The second part is to provide privacy computing to obtain labor fees from data demanders. I believe this is the essence of the PlatON consensus protocol. If the consensus effect can meet expectations, the market-based pricing of data will be realized. There are two problems in the data transaction process: one is that the ownership is unclear and it is easy to be used without authorization; the other is that the data structure is diverse and difficult to quantify according to a unified standard.

The method shown in the blue book is to use cryptographic technologies such as HE and MPC to confirm data ownership and determine the owner of the data. In the process of data trading, the principle of data sovereignty is adhered to, making it possible to trade data usage rights without affecting data ownership. There are two methods for data pricing: the first is absolute pricing, which is the price that data users are willing to pay for obtaining data; the second is relative pricing, which is to evaluate the contribution of members of the data set to completing the task given a data set and a common task. Relative pricing uses Shapley value as an important evaluation tool, which is an important concept introduced by the famous economist Lloyd Shapley (2012 Nobel Prize winner in Economics) when studying cooperative games in 1953.

Industry Development Status

There are two main development paths in the privacy protection track. One is anonymous currency, and the other is privacy public chain.

Representative anonymous coins include XMR, DASH, ZEC, XZC, etc. XMR, as the leading project in this field, appeared in 2014. This technology only needs to encrypt information such as the sender, receiver, transaction amount and transaction IP, so that only the two parties involved in the transaction (or authorized third parties) can view the transaction information through the private key. Since there is not much complex information in the circulation of currency, it is not difficult for cryptocurrency to achieve anonymous transactions. This technology is now very mature. In fact, BTC is also upgrading the privacy algorithm through community voting. Technologies such as CoinJoin can merge multiple transactions to cover up the upstream of UTXO.

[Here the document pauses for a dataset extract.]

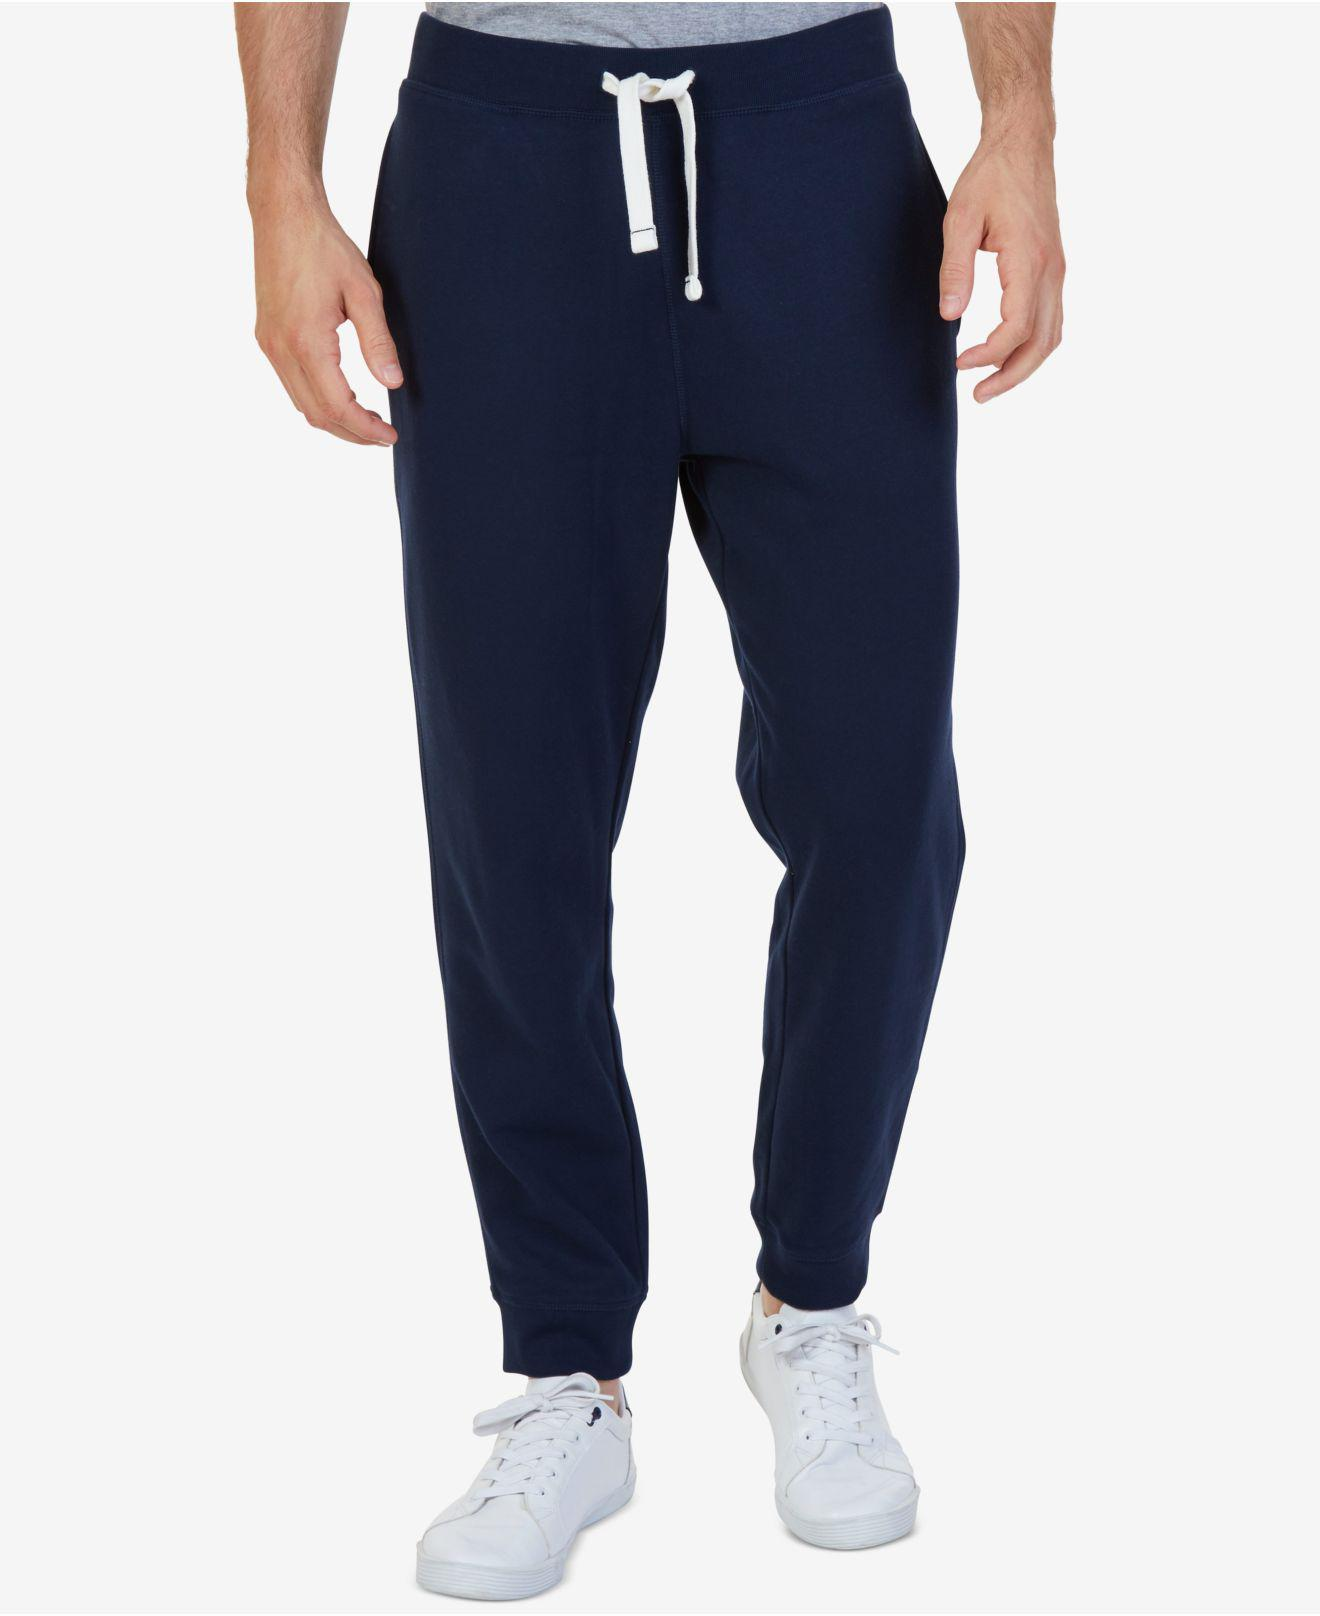 728e68106e9 Lyst - Nautica Big   Tall Jogger Pants in Blue for Men

The privacy public chain technology is more complicated. It is essentially to encrypt smart contracts. It needs to encrypt input and output data and network status to make it hidden from all parties other than the user (including the nodes executing the smart contract). At present, the most promising development prospects are Ethereum's second-layer network ZK rollup and Polkadot's parallel network Phala, but these can only exist as sub-chains or parallel chains, mainly to provide data calculations for the main chain, and the calculation results must be transmitted back to the main chain. If you want to develop an independent privacy public chain, the difficulty is even higher than the above technologies. The current leading projects are PlatON and Oasis. Once completed, their potential will be enormous. The reason is: as independent public chains, they can develop privacy smart contracts directly on the main chain, and can also provide privacy calculations for other public chains as side chains or parallel chains.

Oasis team members include Professor Dawn Song from Berkeley University and many world-leading security experts. It has received $45 million in investment from investment institutions including Binance Labs and a16z. In addition, Oasis has achieved interaction with the Ethereum network, and developers are gradually trying to build NFT projects on the Oasis network. PlatON has currently received $50 million in investment from institutions such as Alpine Capital and Hash Global Capital. The similarity with Oasis is that both realize high-concurrency privacy computing; the innovation is that in addition to the consensus network (main network) and the privacy computing network, the PlatON network also has an independent AI network designed to realize big data model training.